Please count the lines in the data below that hold the word "Stockfoto", and give only the number.

┌──

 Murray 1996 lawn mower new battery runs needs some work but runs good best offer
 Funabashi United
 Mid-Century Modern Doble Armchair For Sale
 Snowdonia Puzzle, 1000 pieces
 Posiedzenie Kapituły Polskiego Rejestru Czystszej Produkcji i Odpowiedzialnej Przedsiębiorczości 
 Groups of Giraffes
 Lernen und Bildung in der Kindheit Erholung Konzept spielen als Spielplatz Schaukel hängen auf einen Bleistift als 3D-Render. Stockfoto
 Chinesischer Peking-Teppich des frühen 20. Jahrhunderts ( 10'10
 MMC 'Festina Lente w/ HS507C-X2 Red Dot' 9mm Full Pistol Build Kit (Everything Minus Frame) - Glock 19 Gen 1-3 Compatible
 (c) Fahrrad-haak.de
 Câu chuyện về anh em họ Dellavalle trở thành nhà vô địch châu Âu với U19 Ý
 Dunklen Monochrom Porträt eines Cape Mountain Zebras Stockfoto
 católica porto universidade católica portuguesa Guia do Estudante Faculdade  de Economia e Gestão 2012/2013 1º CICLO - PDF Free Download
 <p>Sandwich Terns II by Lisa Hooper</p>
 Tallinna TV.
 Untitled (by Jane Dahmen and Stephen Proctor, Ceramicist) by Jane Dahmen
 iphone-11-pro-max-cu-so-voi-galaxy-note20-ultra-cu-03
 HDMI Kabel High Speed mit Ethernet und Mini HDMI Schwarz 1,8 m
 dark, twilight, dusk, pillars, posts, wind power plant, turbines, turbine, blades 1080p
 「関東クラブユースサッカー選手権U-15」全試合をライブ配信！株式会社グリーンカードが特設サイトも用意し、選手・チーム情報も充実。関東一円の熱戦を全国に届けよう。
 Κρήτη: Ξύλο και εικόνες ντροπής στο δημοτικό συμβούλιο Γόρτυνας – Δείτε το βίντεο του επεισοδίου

└──

◆ **RESULT**: 2